| What to work on |
Your answer must be the lines from the one containing "Математическая игрушка Монтессори, балансировочная" through the last line below, copied exactly, with no pictures.

| Collected data |
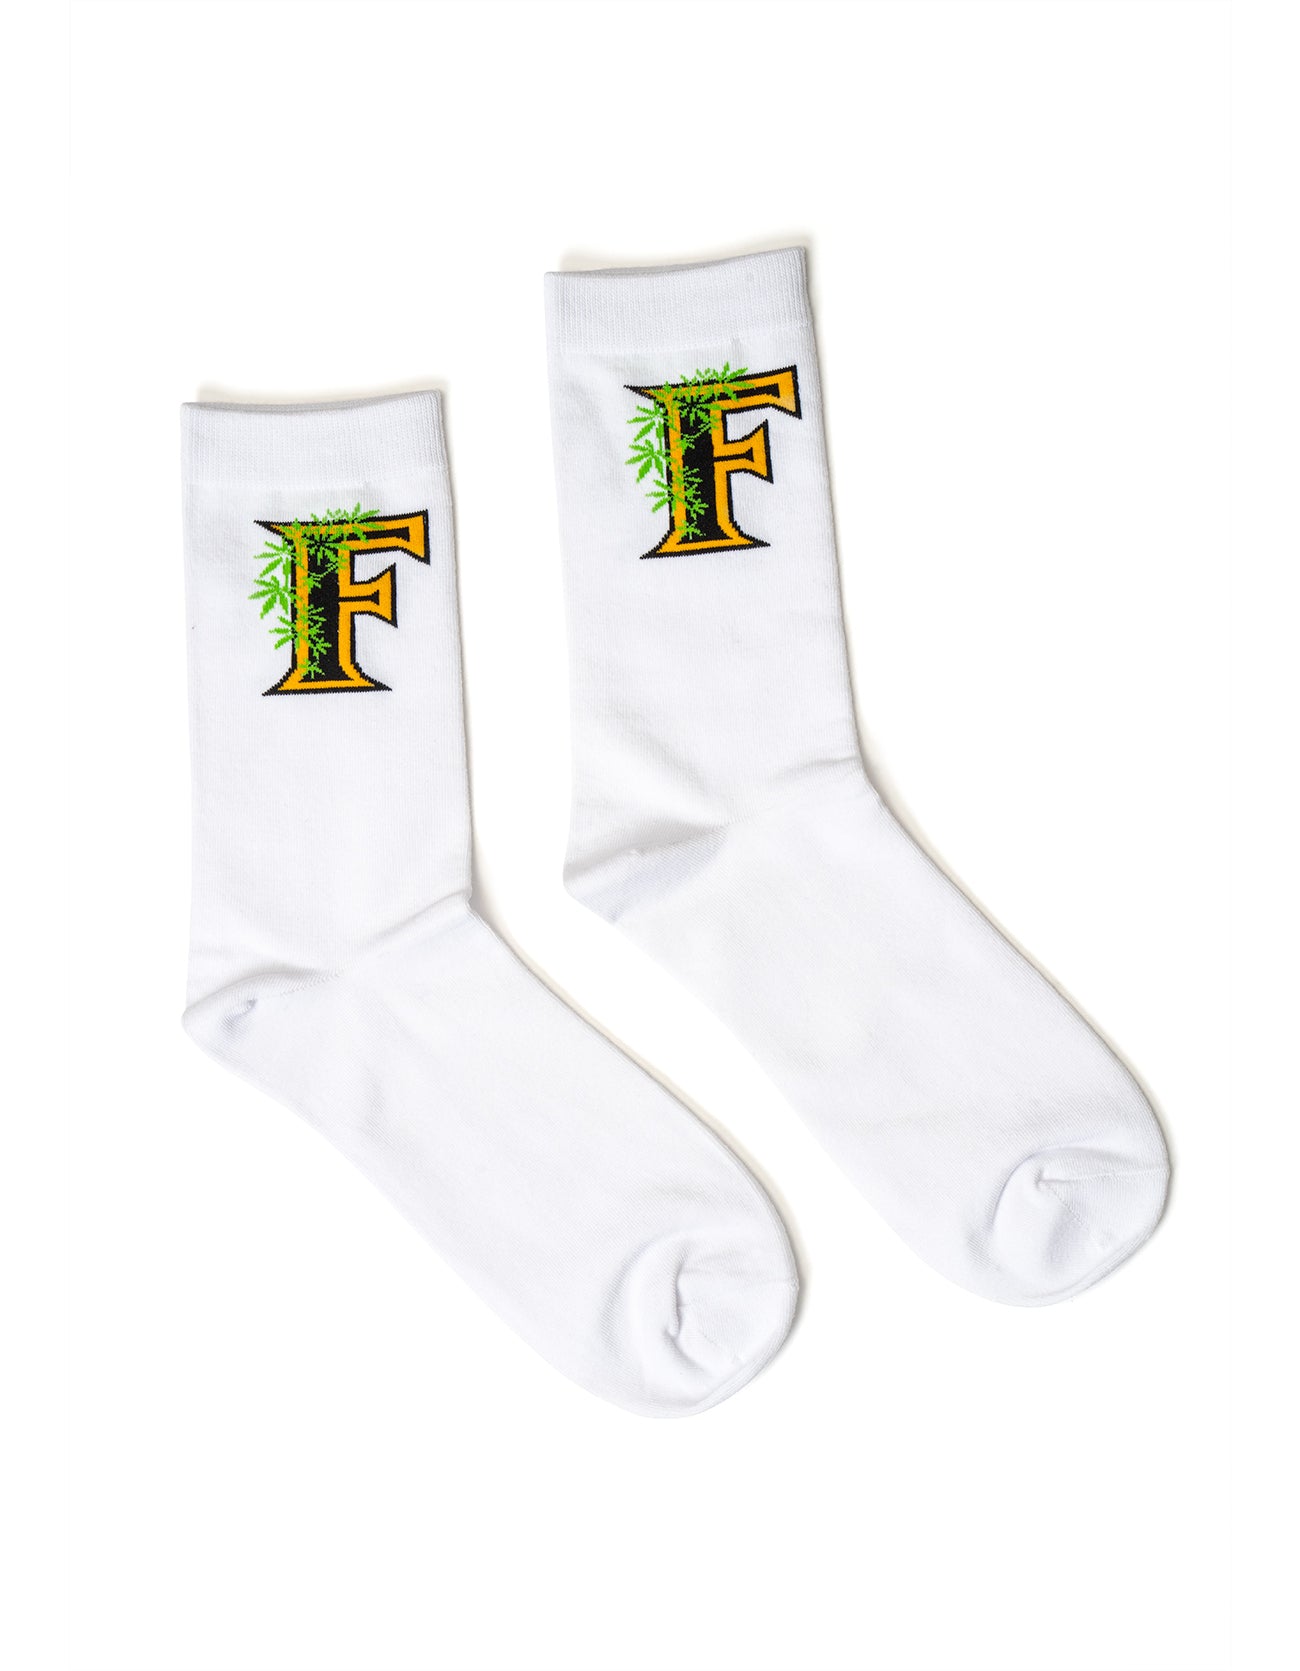 Flee Farms White Socks
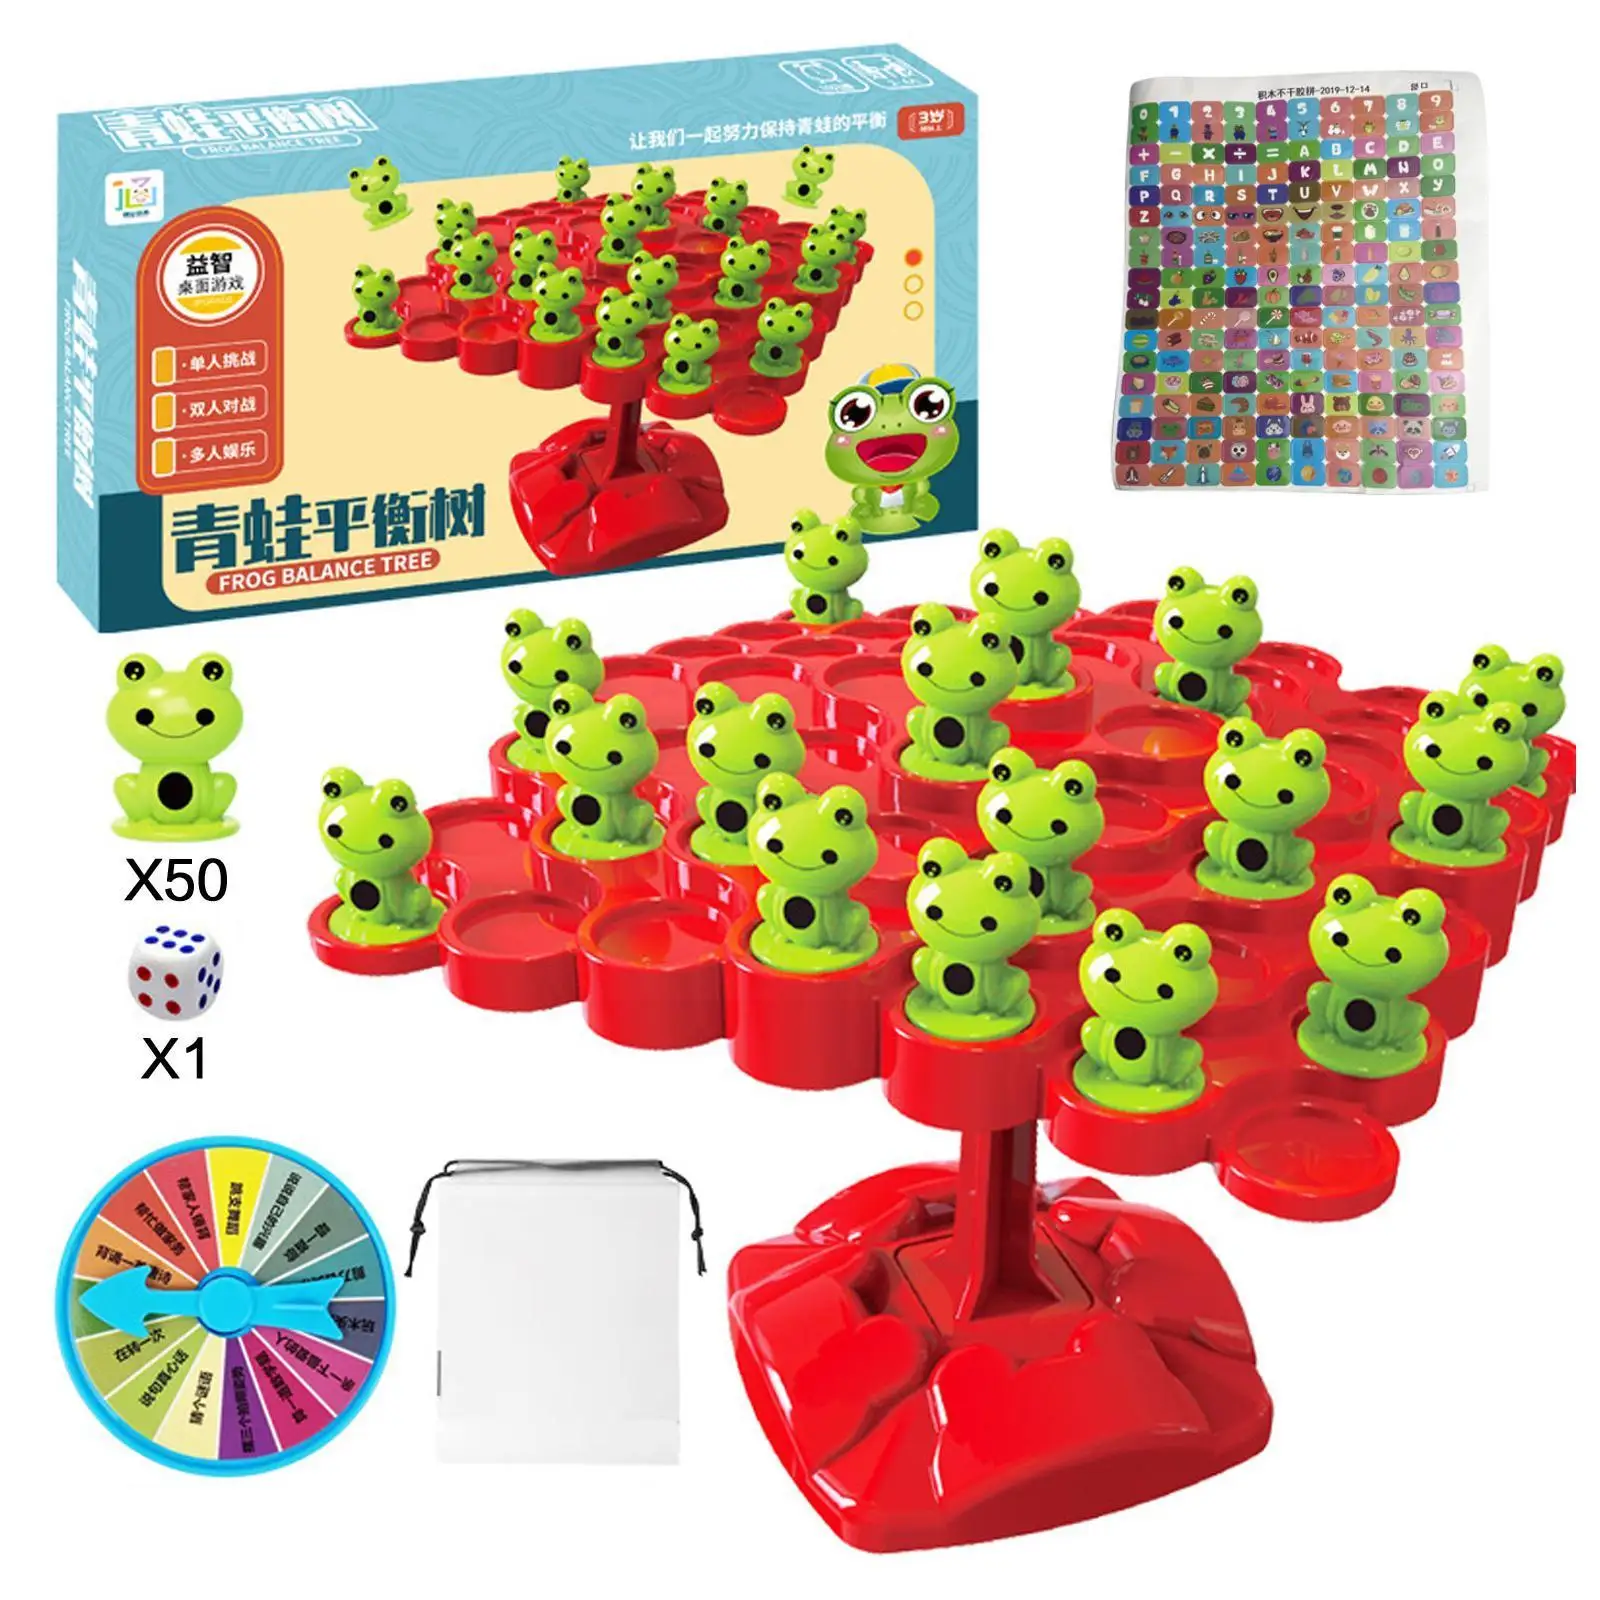 

Математическая игрушка Монтессори, балансировочная лягушка, развивающие игрушки, интерактивные игрушки для родителей и детей, настольная обучающая игра, для отдыха, для детей R6D2
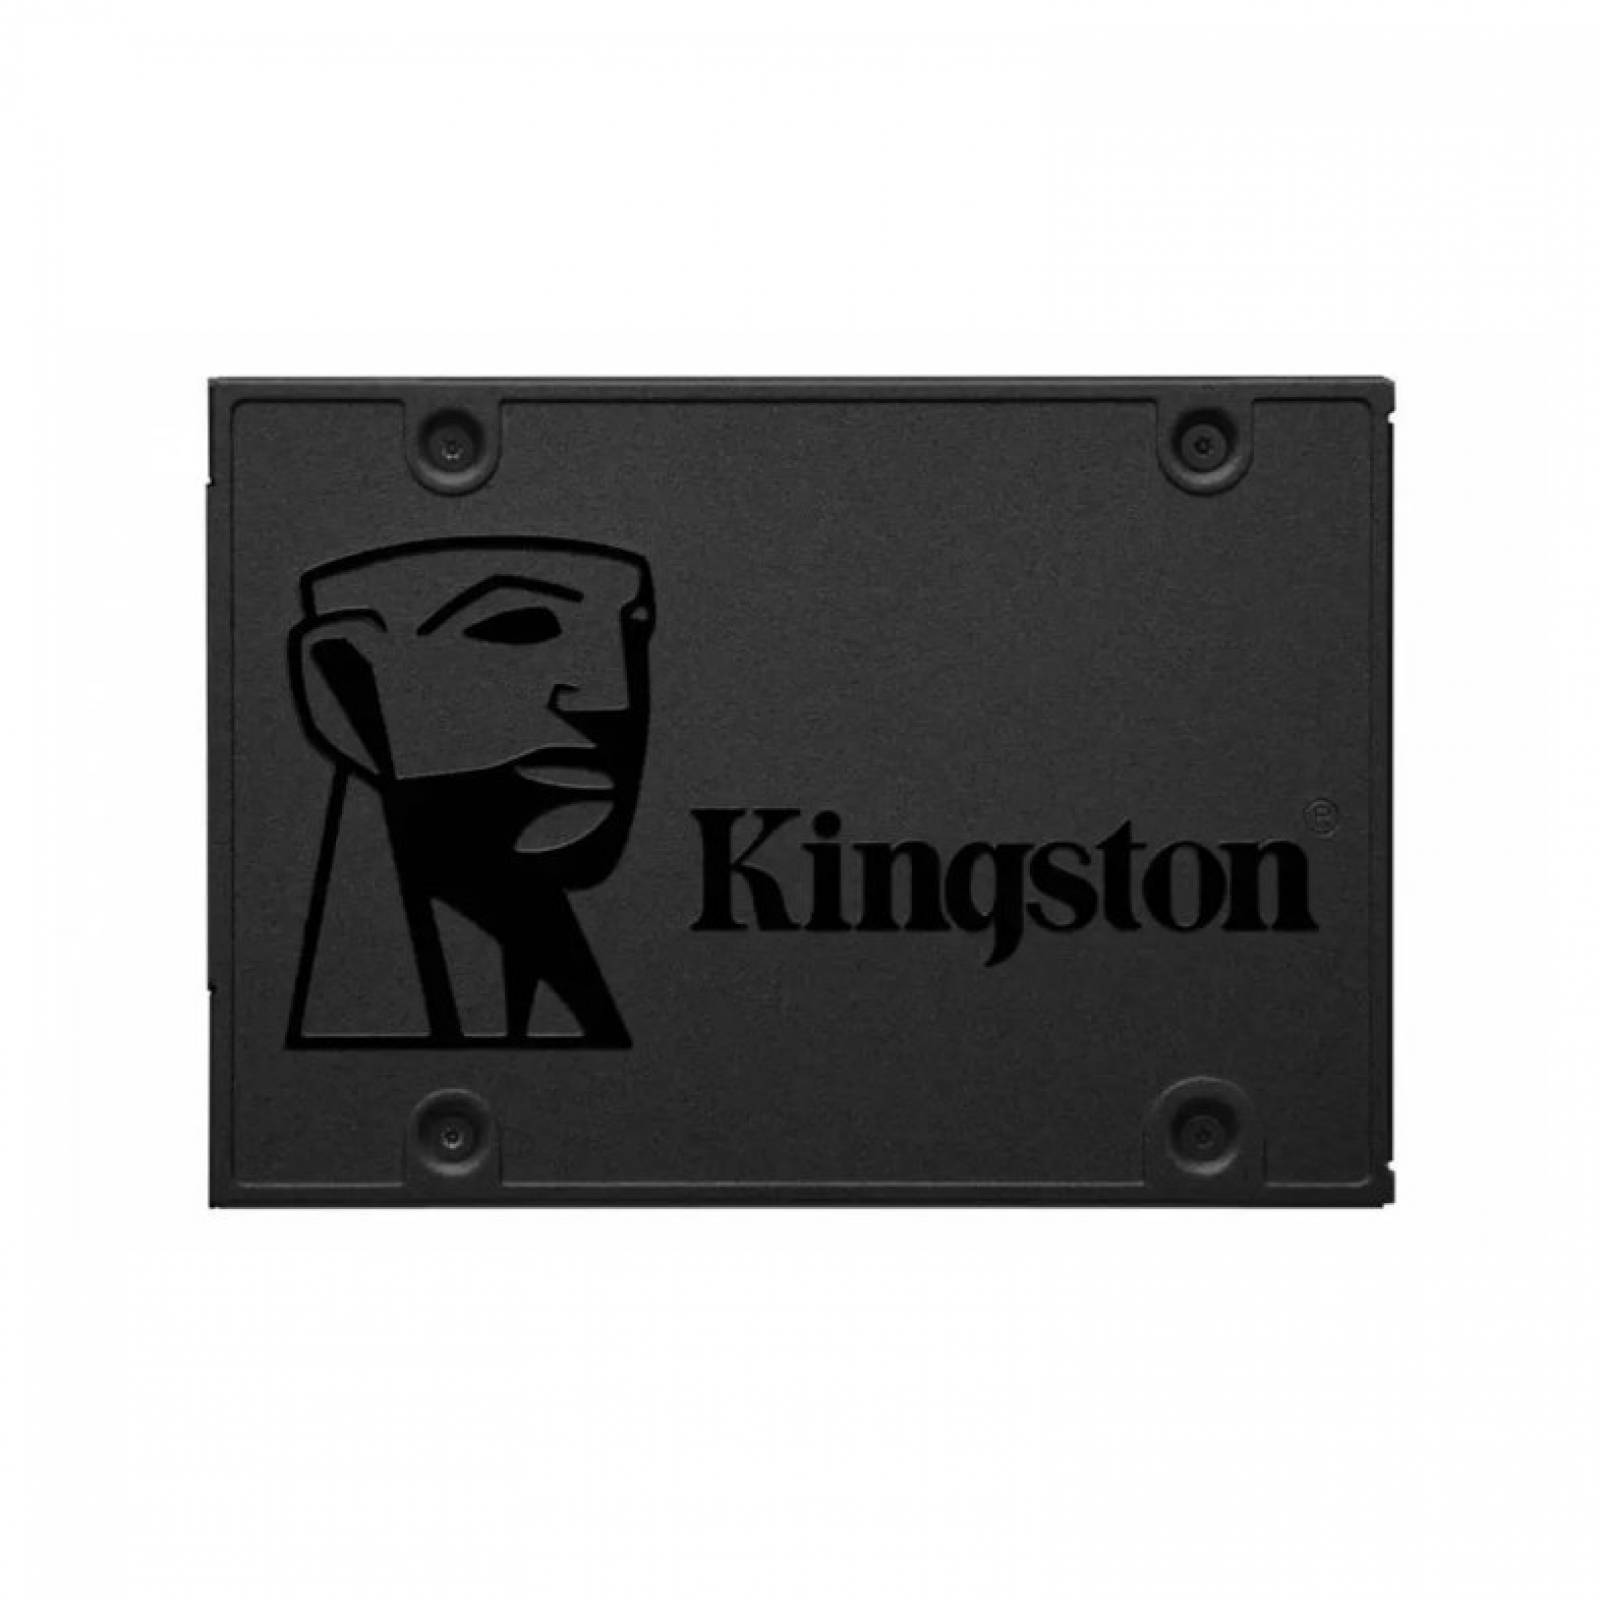 SSD Kingston A400 Disco Duro Solido 960 GB Negro SA400S37
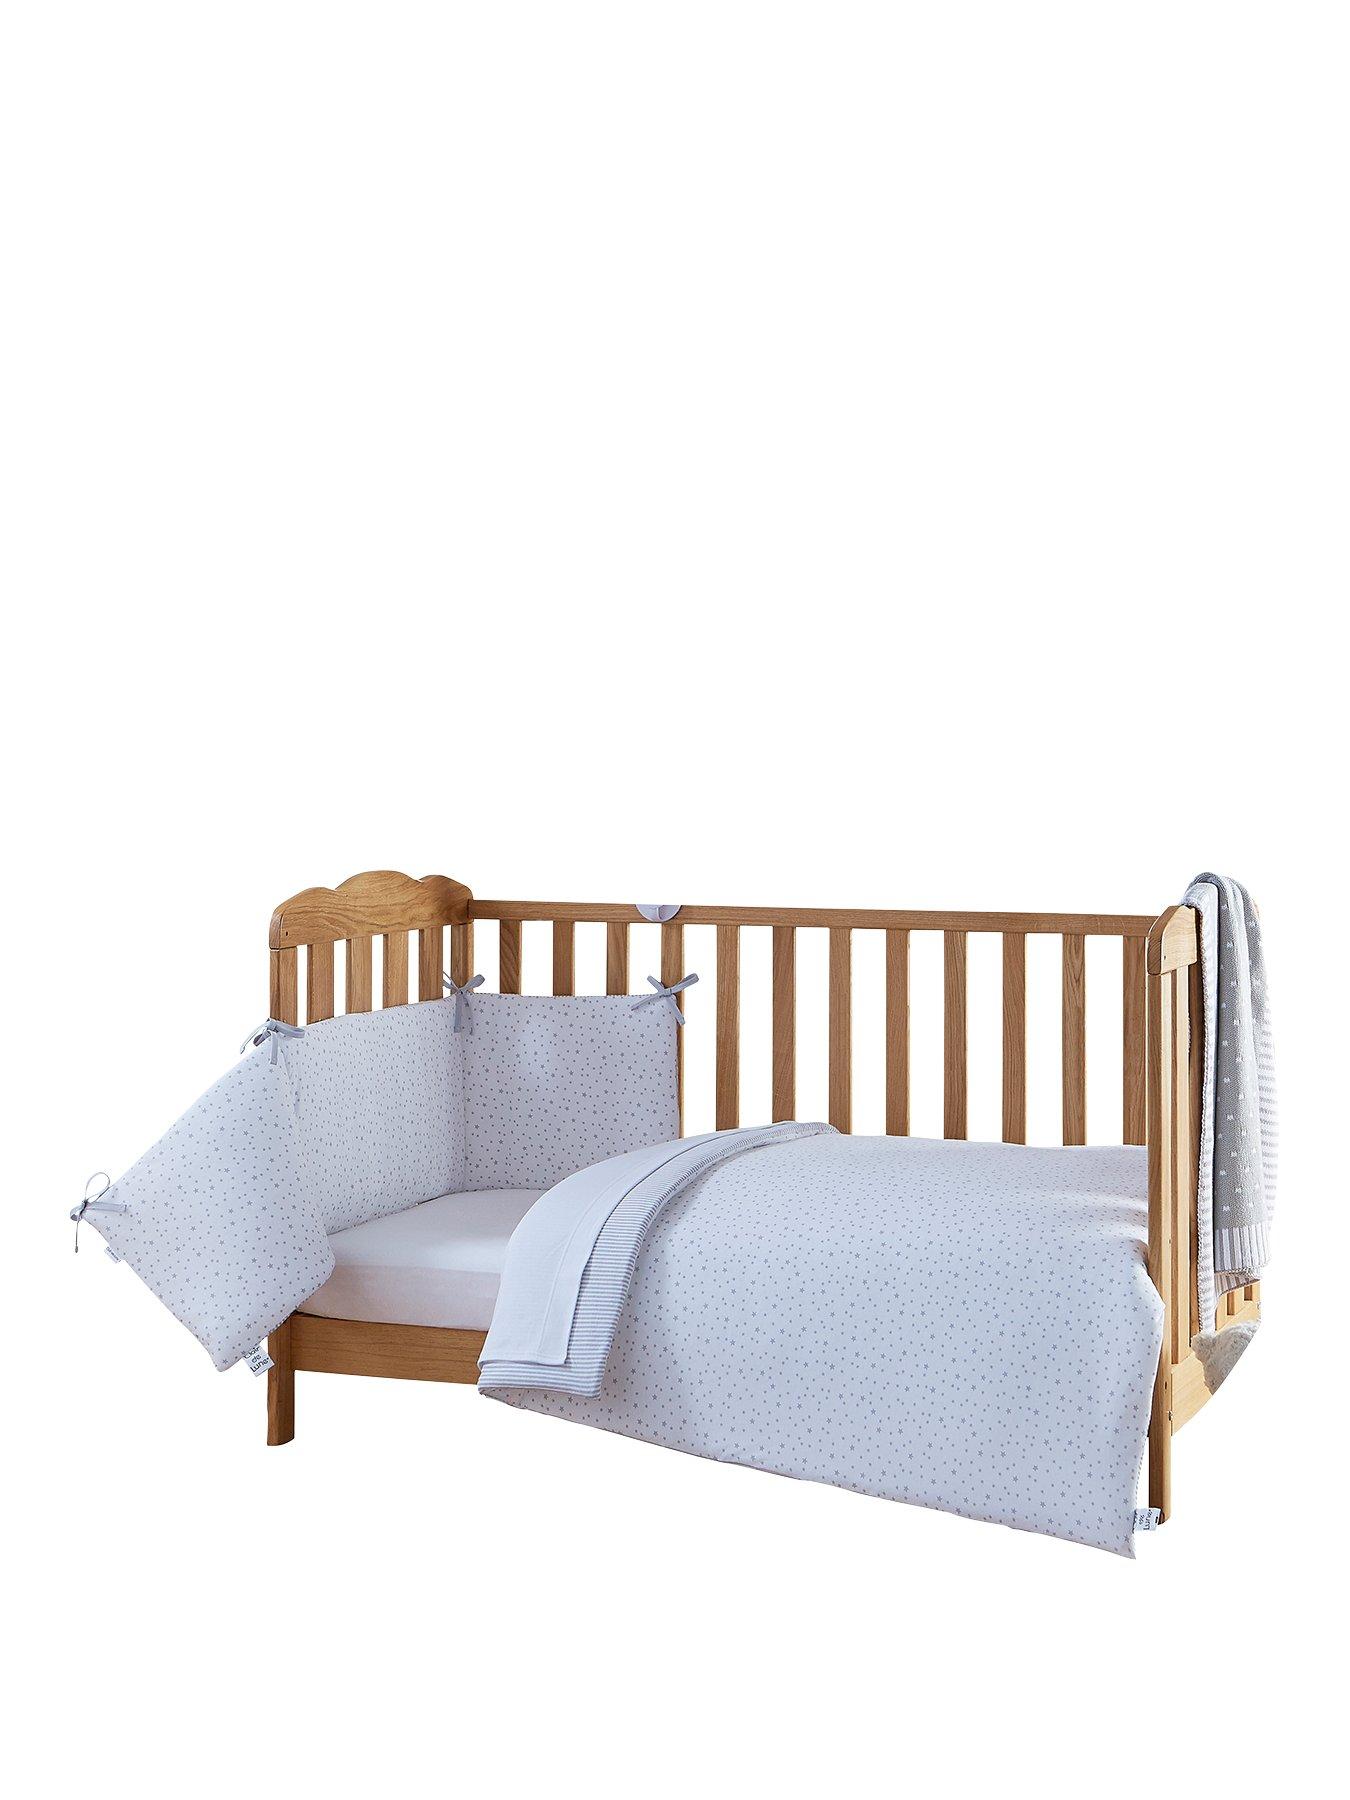 cot bed bedding sets

| Answer to this exercise |
Математическая игрушка Монтессори, балансировочная лягушка, развивающие игрушки, интерактивные игрушки для родителей и детей, настольная обучающая игра, для отдыха, для детей R6D2
 SSD Kingston A400 Disco Duro Solido 960 GB Negro SA400S37
 cot bed bedding sets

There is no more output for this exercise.